Solving the above equation, we can obtain the number of redundant blocks as:


$$x=\frac{n p_{e}}{1-p_{e}} \label{eq:redNum}$$

Discussion on redundancy estimation errors. [sec:redEstErr] The issue of how to add appropriate redundancy is critical to all FEC approaches. When redundancy is over-estimated (i.e., excessive redundancy), both ZiXOR and other approaches will have unnecessary redundancy transmission overhead. Fortunately, ZiXOR’s coding delay remains much smaller than other approaches since only several extra XOR operations are added. When redundancy is under-estimated, however, the FEC based approach will have to reassemble a new packet because the previous transmissions have no enough redundancy for decoding. Although in ZiXOR, previously transmitted redundant blocks are still useful for future decoding, the inter-packet interval may increase the overall transmission delay. At least  ∼ 4.9ms will be incurred into the overall delay. Therefore we consider over-estimation less harmful than under-estimation, and deliberately over-estimate the redundancy by one. We can also employ various machine learning algorithms T. Liu and Cerpa (2014; Wei et al. 2011; Bujlow, Riaz, and Pedersen 2012; Z. Chen and Wu 2012) for redundancy estimation if they can be optimized lightweight for low power devices. The redundancy estimation is evaluated in Section [sec:evaluation].

ZiXOR Coding

Encoding. For an estimated error burst of k blocks, we encode the redundant blocks as follows. We select 1 block in every k blocks, say m, m + k, m + 2k, ... Then, we tune the starting offset m to obtain k different redundant blocks. With such encoding, any k (or  ≤  k) consecutive block errors can be separately covered by the redundant blocks. The ZiXOR encoding is formulated as follows.


$$R_i = \bigoplus\limits_{k\%S_e=i}b_k, k\in[0,N_b-1]\label{eq:ri}$$

where Ri denotes the ith redundant block,  ⊕  denotes the XOR operation, Se denotes the size of error burst (i.e., the number of consecutive erroneous blocks) and Nb denotes the total number of native blocks. By such design, any k (or  ≤ k) consecutive block errors can be recovered because each redundant block would cover one different erroneous block. Moreover, different from fountain codes and random linear codes, the encoding rule is shared by both senders and receivers, and does not rely on any random seed or explicit coefficients. When receiving a ZiXOR packet, a receiver can identify which blocks are combined by each redundant block, using only the number of redundant blocks. For example, if a receiver receives a packet containing k redundant blocks, it can infer the coefficients using Eq. ([eq:ri]) with k and further decode the native packet.

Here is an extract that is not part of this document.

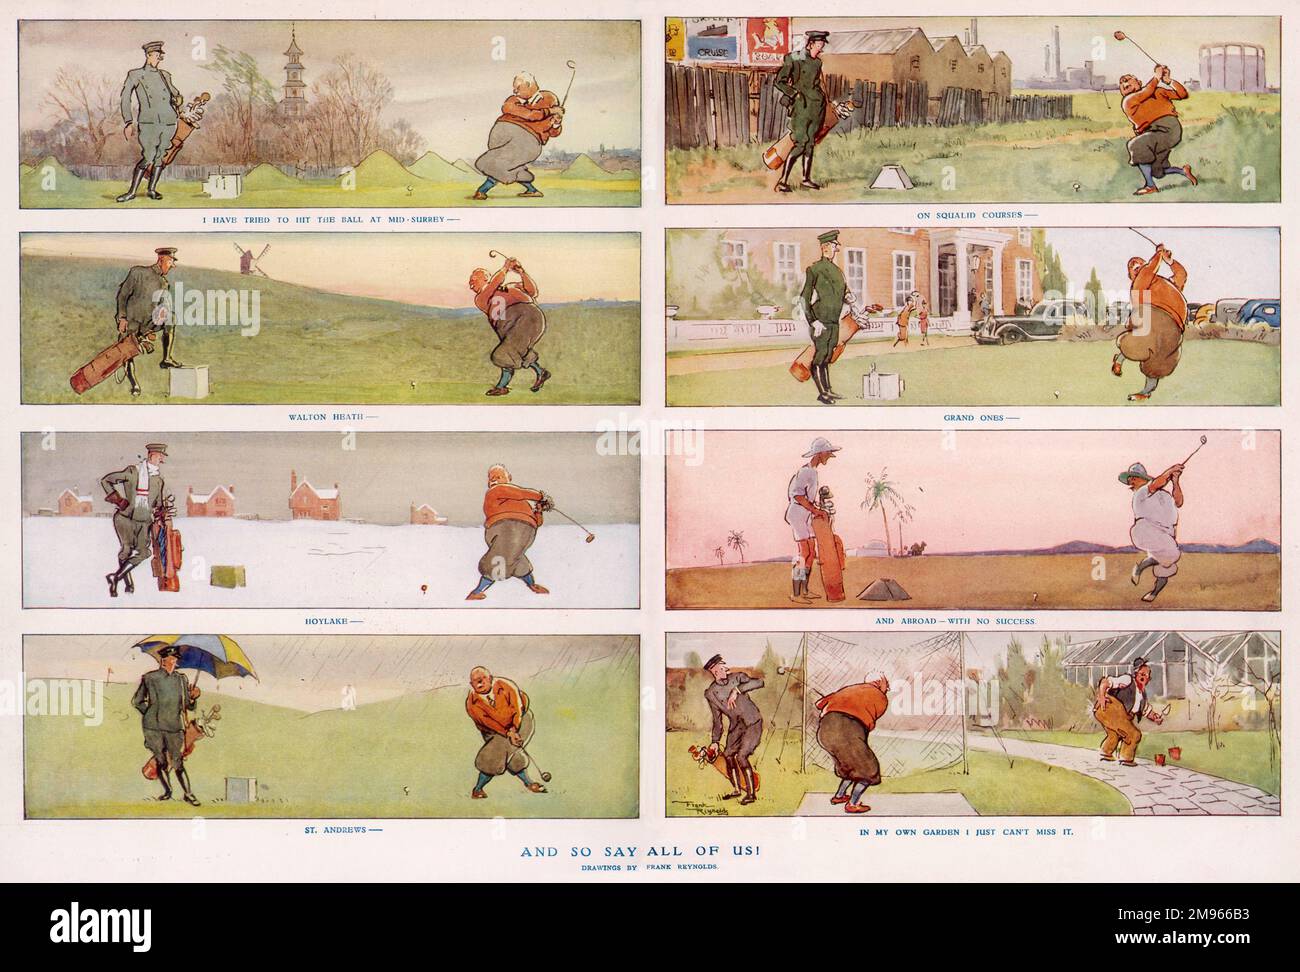 Un cartone animato sequenziale che mostra un paziente accompagnamento caddy un golfer tenacious mentre affronta un'ampia varietà di randelli e verdi. Foto Stock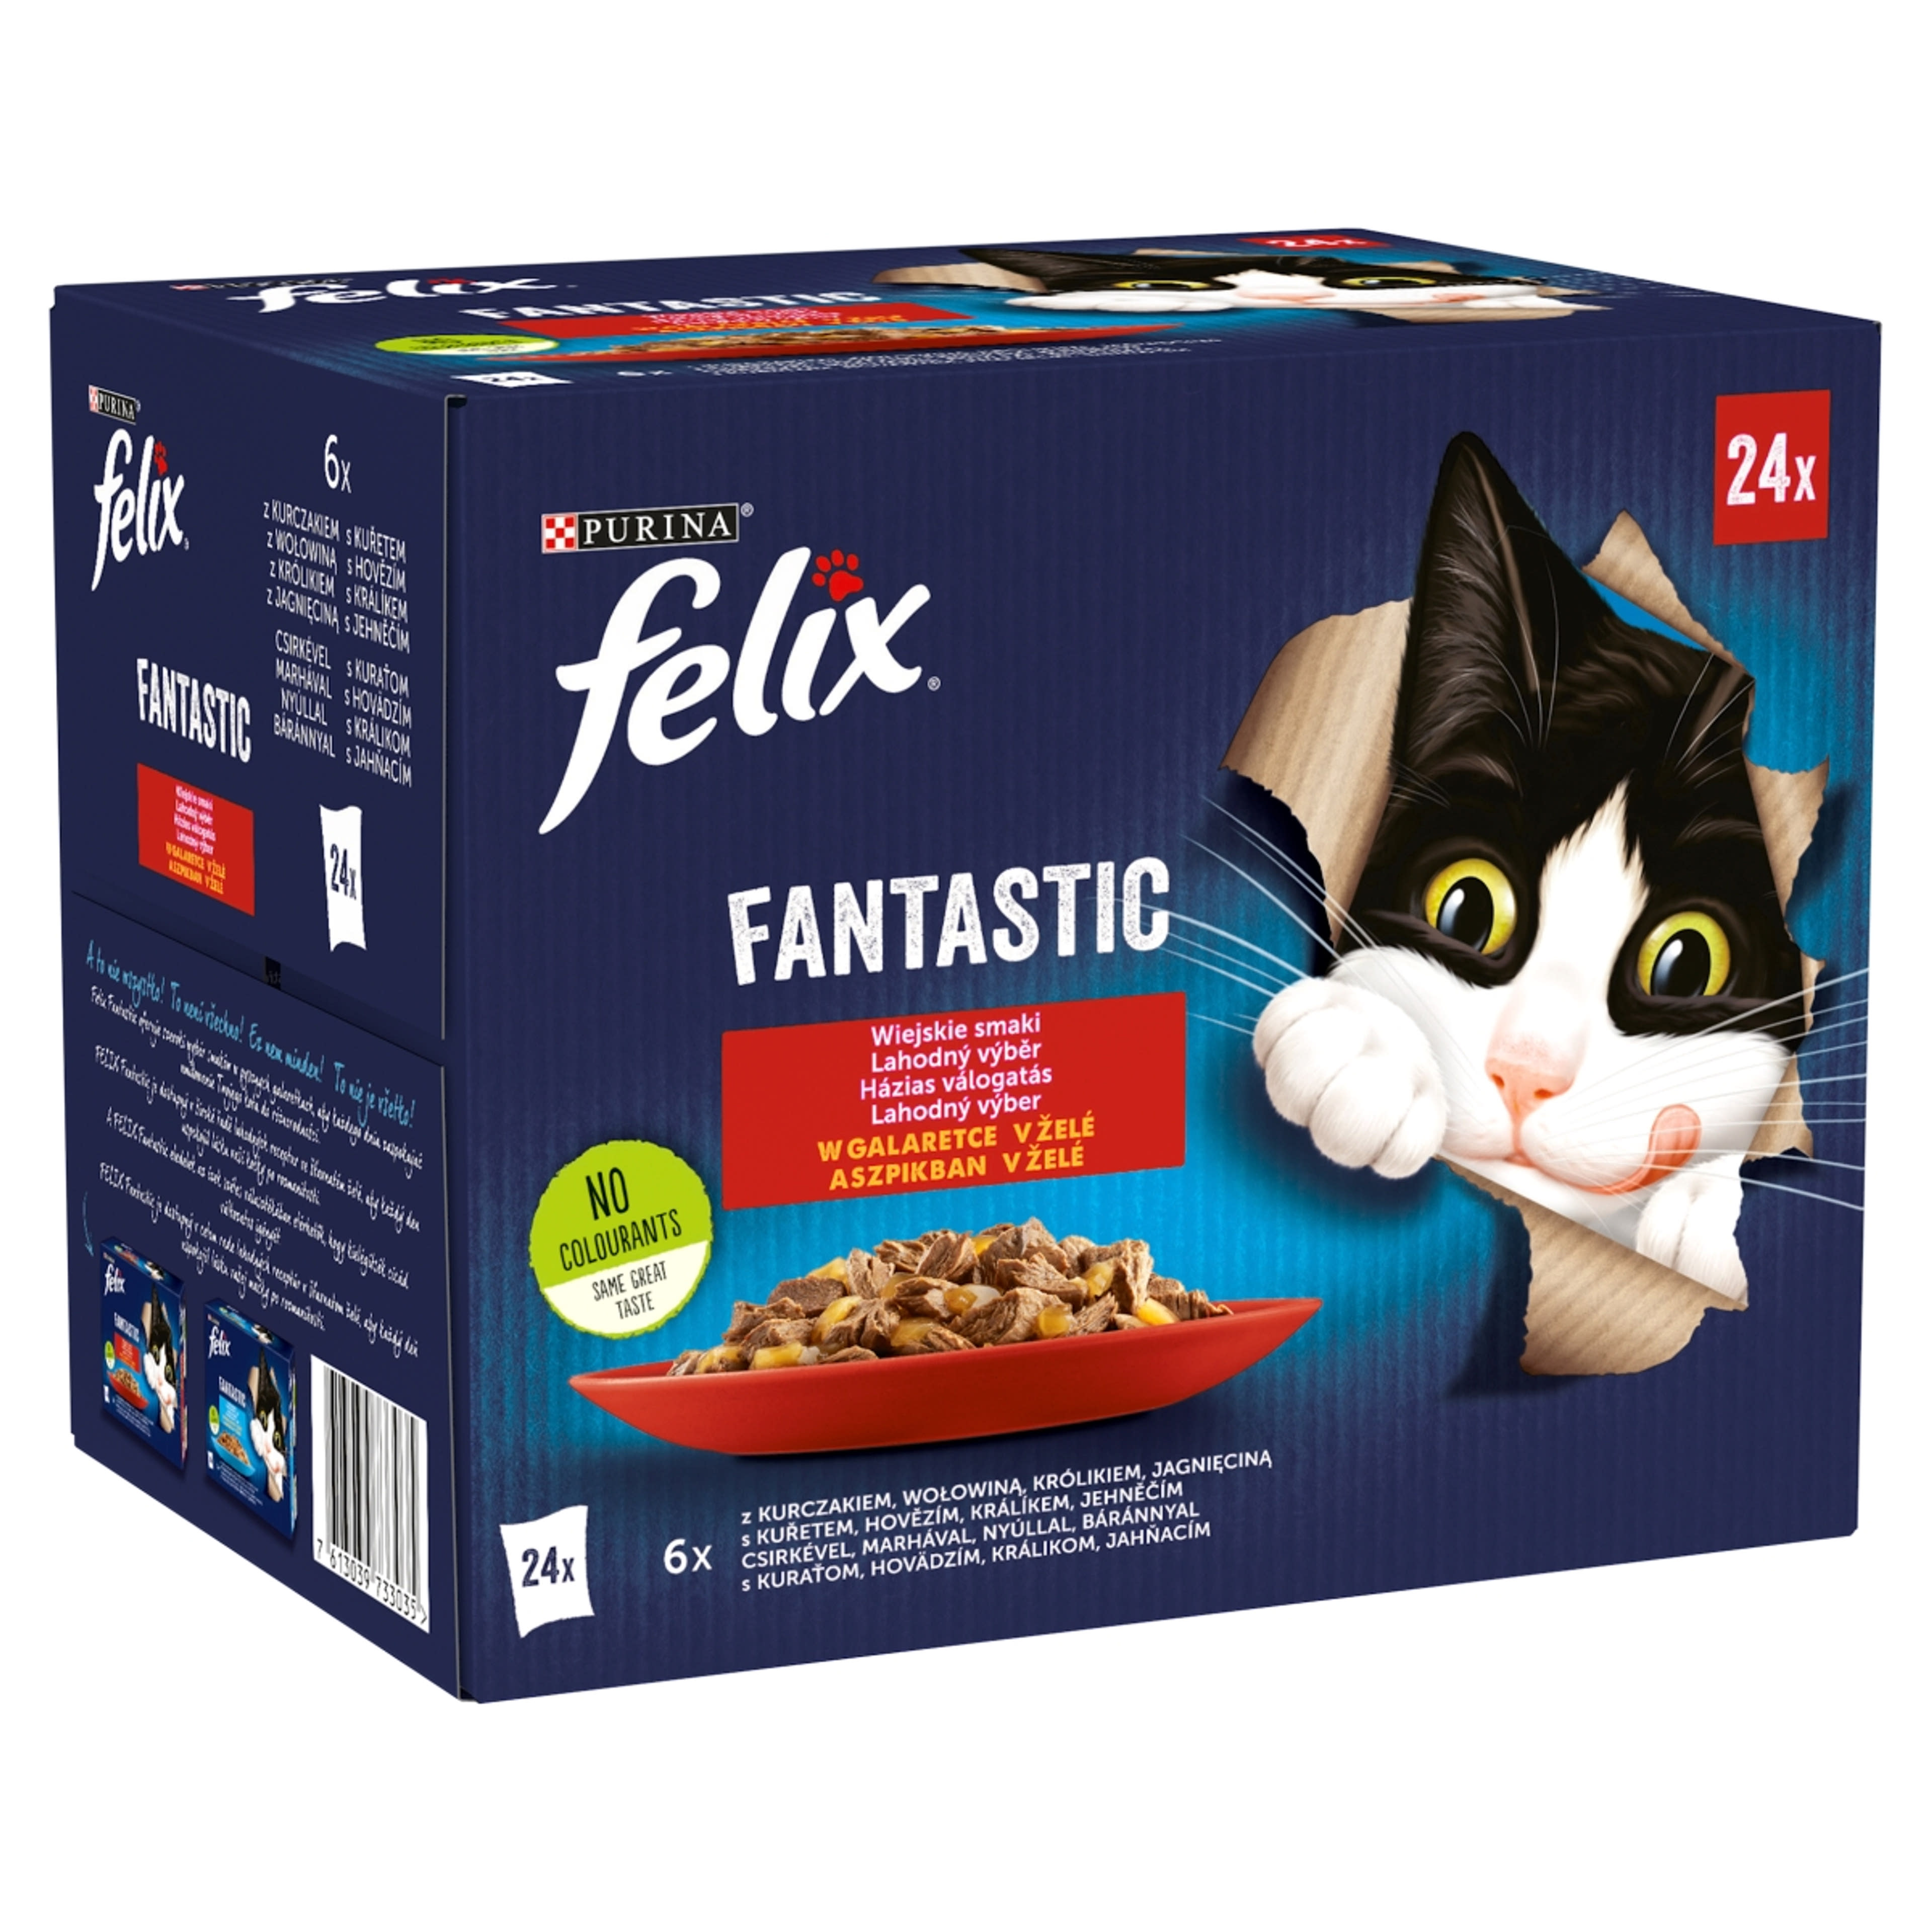 Felix fantastic alutasak macskáknak házias válogatás 24*85 g - 2040 g

Compared with the retransmission based approaches, ZiXOR adds k redundant blocks in advance to recover k consecutive erroneous blocks. This greatly reduces retransmission delay. Compared with the FEC based approach, ZiXOR 1) is quite lightweight in decoding, and 2) requires 1 ×  redundancy to recover 1 ×  errors while most FEC based approaches require 2 ×  redundancy.

Decoding. In this section, we formally give the algorithm for ZiXOR decoding, as described in Algorithm 1. Decoding is called when the packet CRC is not passed. The receiver first identifies the decodability of the received packet. If one redundant block covers more than one block errors, the packet will not be decodable. When decodable, the receiver can just recover the erroneous block by XORing its corresponding redundant block and other native blocks (with the same MOD k remainder). When decoding is done, we compare the payload CRC to check whether the decoded packet is correct. Since each encoded block can be identified by its position and redundant block number, our decoding does not need Gaussian elimination and is thus highly computation efficient.

[!t] [alg:decode] decodable = TRUE buffer[][],err[][] blks = sizeof(rxBlocks)

Block Error Estimation

In order to save the space for block transmission, we use the fine-grained in-packet RSSI sampling (IRS) Hauer, Willig, and Wolisz (2010) to identify the block errors. The estimation results further give block error rate and block error bitmaps, which are of significance for coding efficiency.

In-packet RSSI sampling. In order to exploit the correlation between RSSI and byte errors, we should first measure RSSI samples while receiving a packet. By using a 32.5kHz timer in IRS (supported by most low power platforms ), we are able to obtain one RSSI value in per byte granularity Hauer, Willig, and Wolisz (2010; Barac, Gidlund, and Zhang 2014), enabling the identification of byte-level errors. We implement such a high-resolution sampling procedure (i.e., at least one sample per byte) without extra hardware. We modify the existing radio driver in TinyOS 2.1.2 to support sampling at a rate of one sample per byte. This is different from REPE Hauer, Willig, and Wolisz (2010), which requires additional 62.5kHz timer hardware.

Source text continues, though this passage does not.